High HCys in schizophrenia has been related to the above reported genetic variations, but several new findings are also in support of epigenetic causes. The amount of HCys in tissues and blood depends from Met metabolism balance and, in particular, from the relative activities of Met transmethylation and remethylation enzymes, regulated by the intake of folic acid and B group vitamins. High circulating levels of HCys have been related not only to neuropsychiatric disorders but also to cardiovascular diseases, diabetes and neurodegenerative diseases, indicating that its metabolism exert pleiotropic effects in the body. An interesting finding has shown the significant reduction of transthyretin, a protein transporter of the circulating thyroid hormone T4 and retinol, in psychosis. Since HCys reduces the active form of transthyretin, cognitive impairment in psychosis and schizophrenia could be linked to high HCys levels and low transthyretin.

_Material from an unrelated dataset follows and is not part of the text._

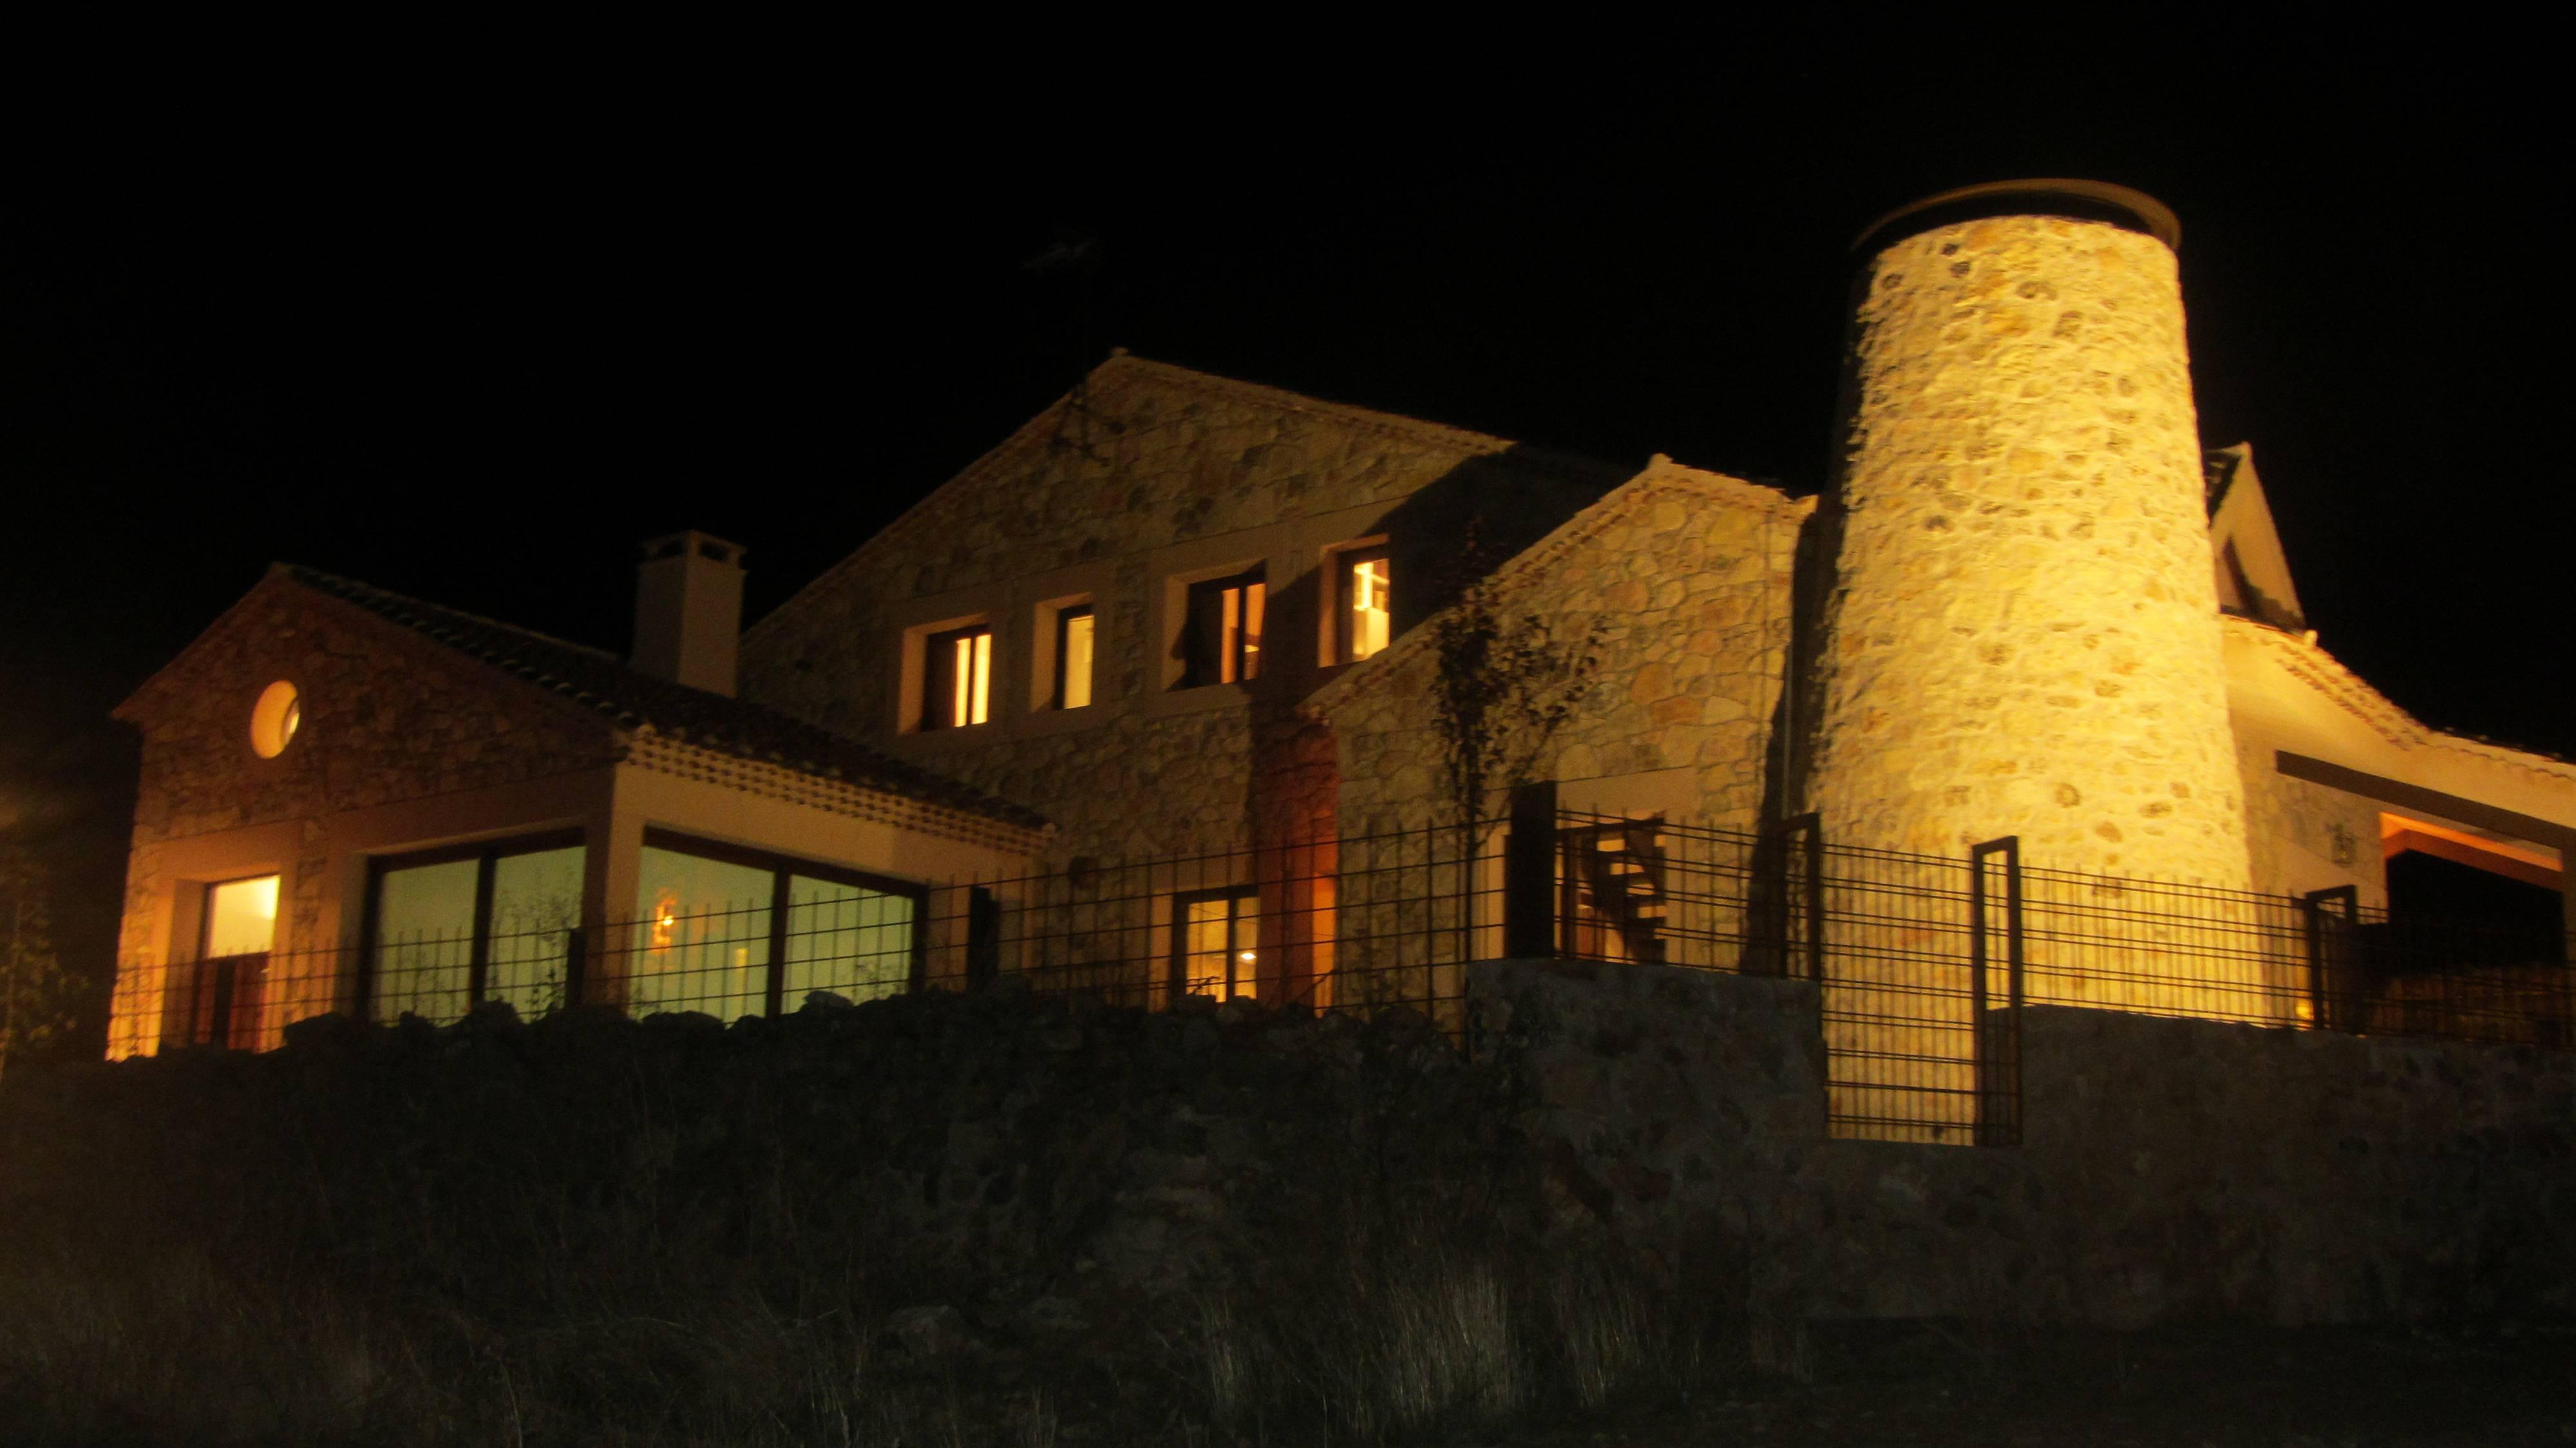 Villa lujo piscina climatizada 8 km de pedraza la matilla segovia - Piscina climatizada segovia ...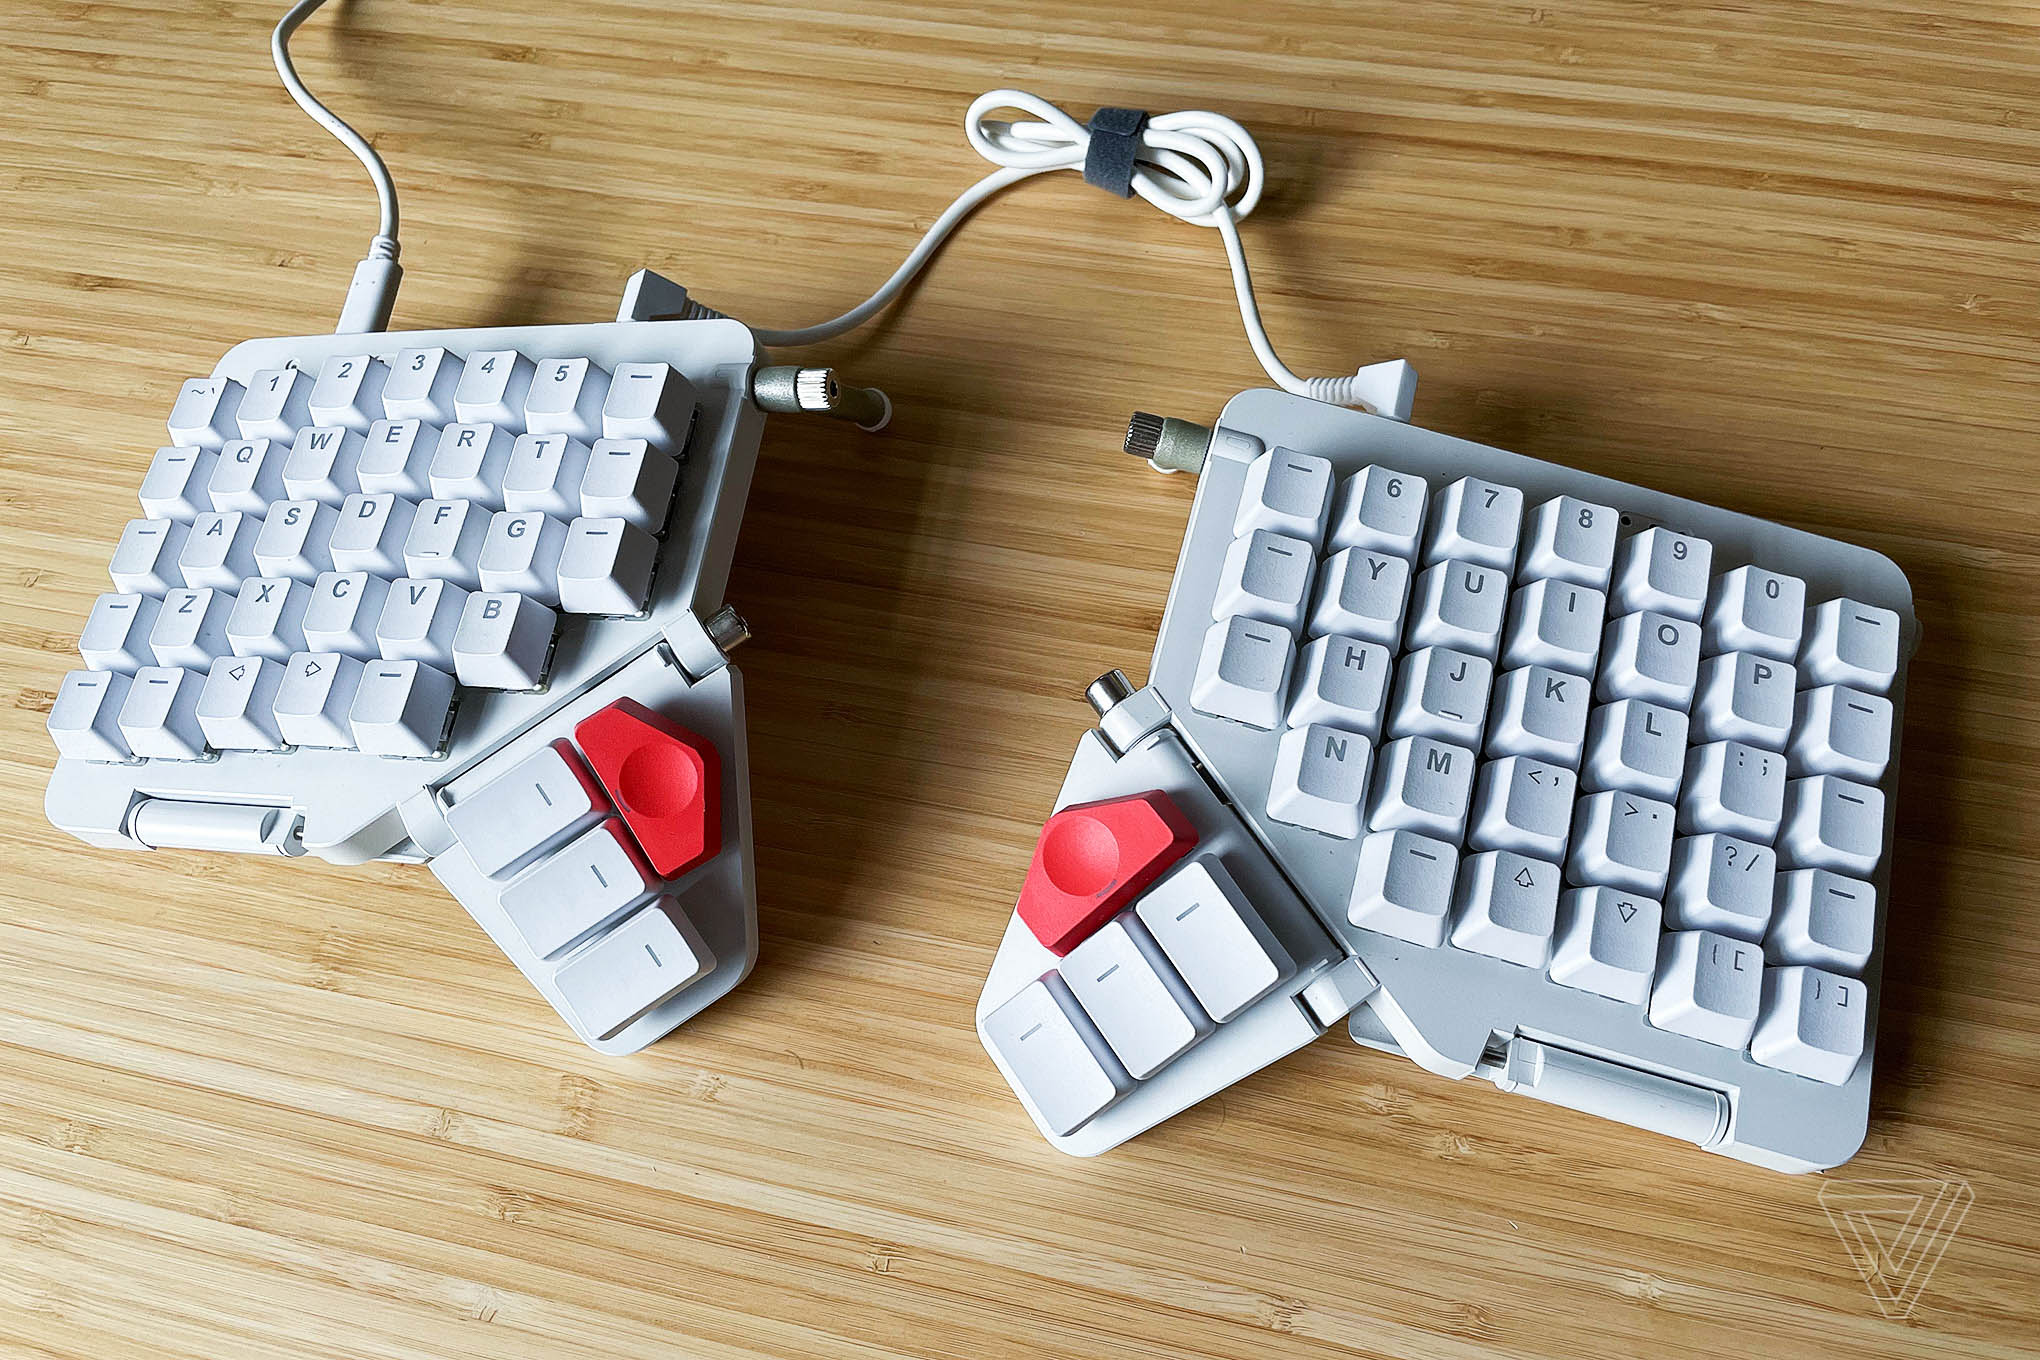 The ZSA Moonlander Mark 1 ergonomic customizable keyboard.

The hypothesis formulated by Costa and coauthors starts instead from the early Met studies on schizophrenia and relates these findings to an hypermethylation of specific genes, provoking their down-regulation, in schizophrenic patients. The susceptibility seems linked to gender variables. Interestingly, Met metabolism and dopamine transmission have been found interlaced in schizophrenia, a finding needing replication. Thus, schizophrenia and psychosis are characterized by heterogeneous genetics and, at a different degree, by dopamine/ monoamine imbalance, altered sulfation, S metabolism changes and, possibly, hypermethylation, gene expression down-regulation patterns and transthyretin deficit. Mytochondrial dysfunctions are also emerging.